On my way up, I noticed that many of the dune walkers weren't wearing shoes at all. I didn't pay much attention until I got about three-fourths of the way up on my first trip and realized I was carrying a handful of sand in each shoe. I kept my shoes on, but I had to shake them out after reaching the summit each time.

Of course, if you're interested in getting a good workout, all these special characteristics of sand are a definite plus. And for a guy like me, with tender knees, the slow, deliberate movement -- combined with the give and take of the sand -- was especially easy on the joints.

In all, it took me about 35 minutes to travel up and down five times. Each time I reached the top, I walked around a bit to catch my breath before heading back down. Typically, my heart rate was in the 170s near the crest of the dune, but it had eased back to the 120 range by the time I reached bottom.

I tried to hit the dunes at an off-peak hour -- a late weekday morning. At that time, there were about a dozen walkers. Locals say the heavy traffic periods are the hour after sunup and the hour before sundown. At those times, the number of dune walkers can reach 30 or more.

The dunes have become so popular that Manhattan Beach is periodically under pressure from the park's neighbors to severely curtail access. One recent proposal, eventually defeated, called for fencing and advance reservations to use the park. On summer weekends, the city estimates that the dunes draw more than 300 people a day.

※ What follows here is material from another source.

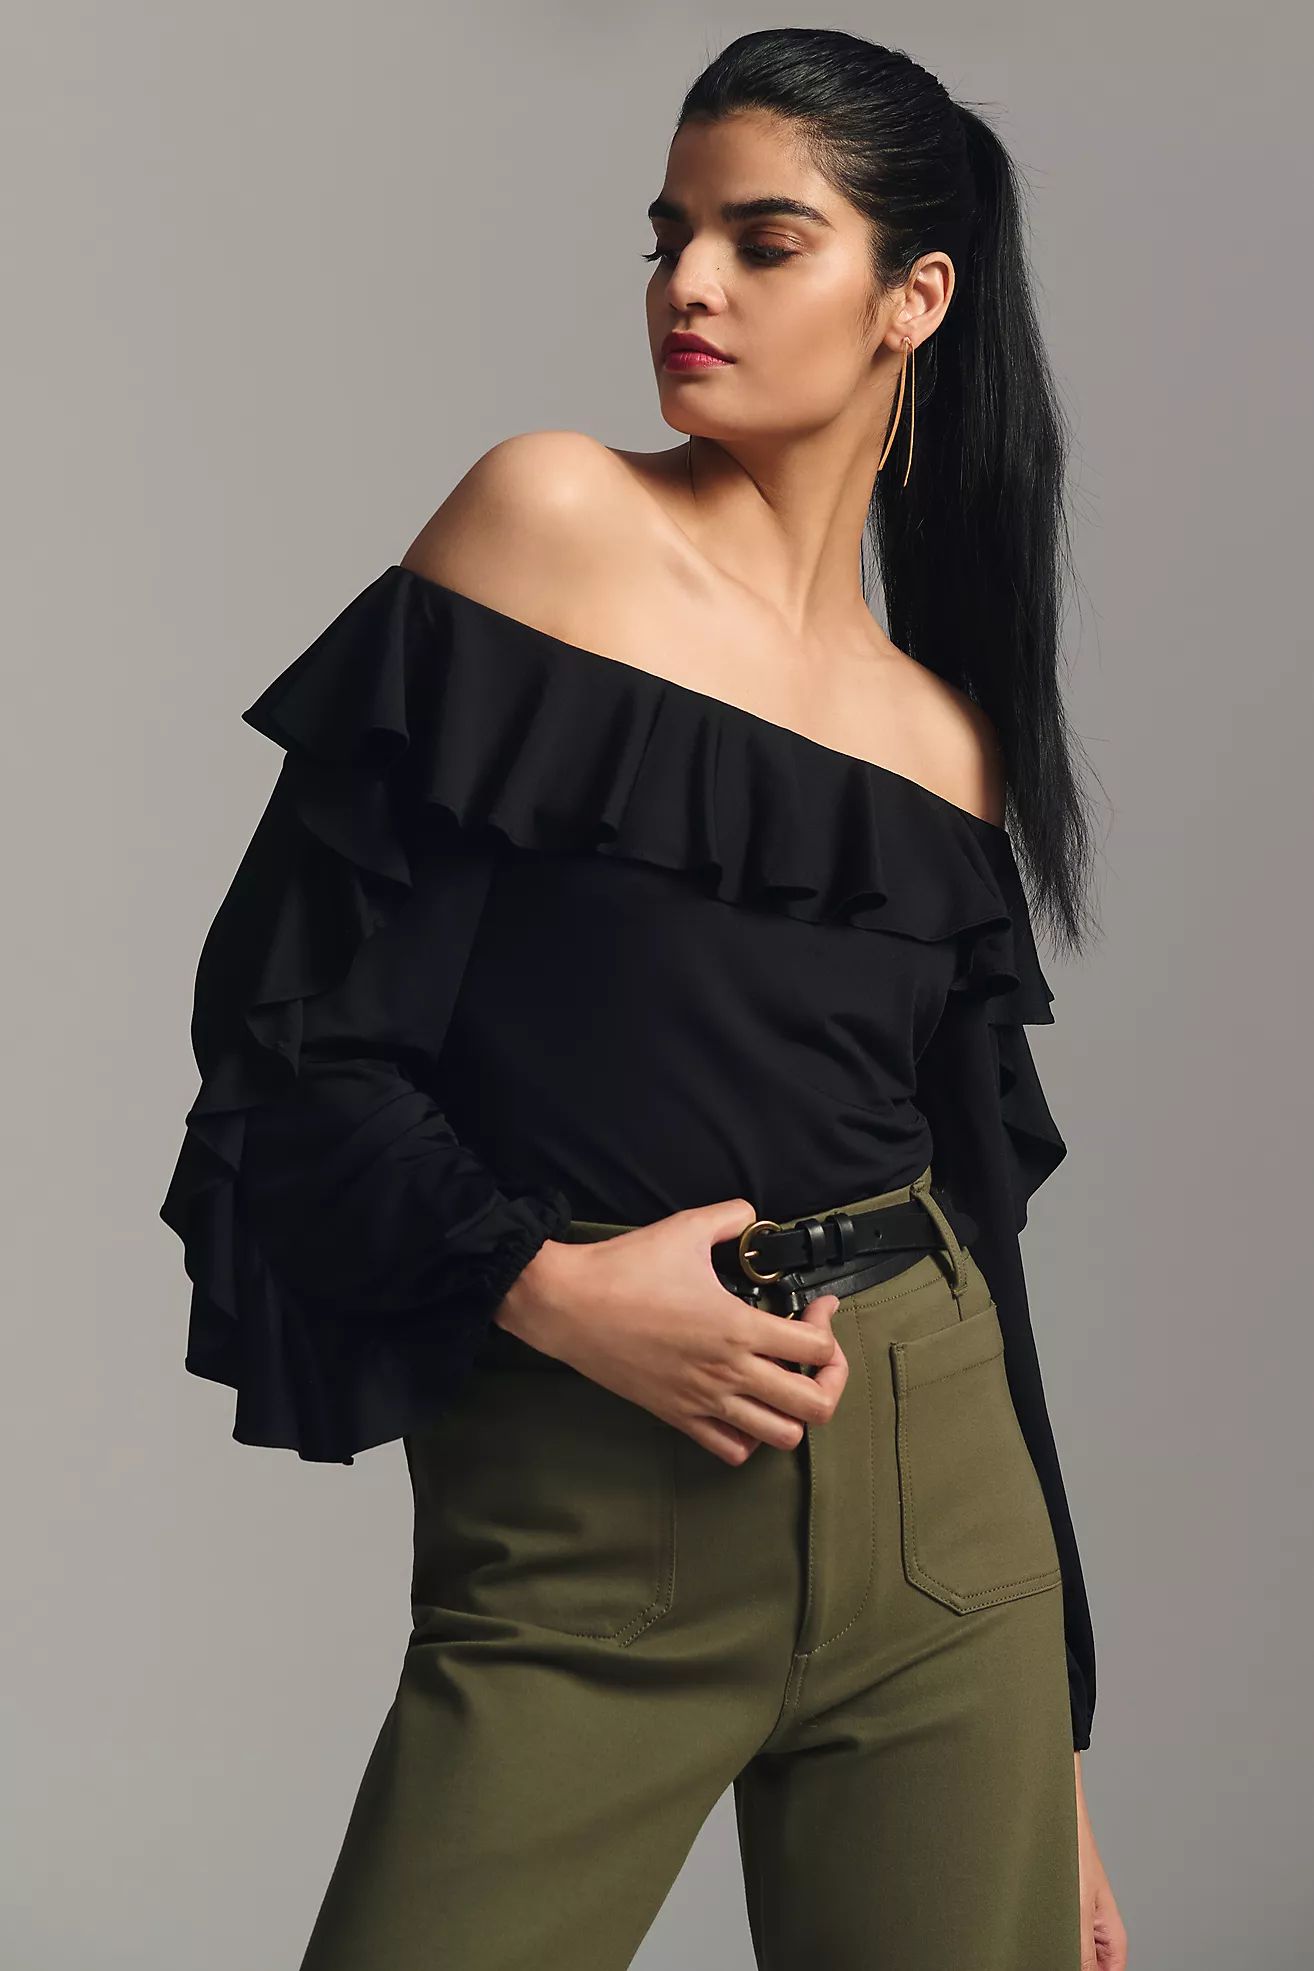 By Anthropologie Off-The-Shoulder Ruffle Top | Anthropologie (US)

Among the regulars, at least for the last year or so, are Cara Jackson and Ryan Terry of nearby Redondo Beach. Although the pair -- one a former Miss Arizona, the other a former professional football player -- are athletic and fit, I also saw all ages (about a third of the dune is reserved for children) and all shapes attacking the dunes.

Jackson, a singer and actress, likes the competitive boost the dunes can supply. "When you're at the gym, it's hard to know how you're doing compared to other people on the machines," she said. "But out here in the fresh air, you're right next to people. It gives me a little extra bit of motivation."

For Terry, who recently retired from pro football in Canada, the dunes provide a uniquely challenging workout. As with most visitors, he's improvised his own workout. His calls for a mix of walking, sprinting and running up and down the dunes for about 30 minutes.

"I work harder here than I did in football practice," Terry said.

I don't have football as a benchmark for comparison, but I can say that the dune experience certainly demanded more out of me than my half-hour cardio machine workouts. If I lived closer to the beach, I'd shed my shoes and incorporate the dunes into my weekly workouts.

*

(BEGIN TEXT OF INFOBOX)

Snapshot: Sand dune climbing

Duration of activity: 37 minutes

Calories burned*: 517

Heart rate*: Average, 147; high, 181

Where to go: Sand Dune Park in Manhattan Beach

*This information was obtained using a heart-rate monitor.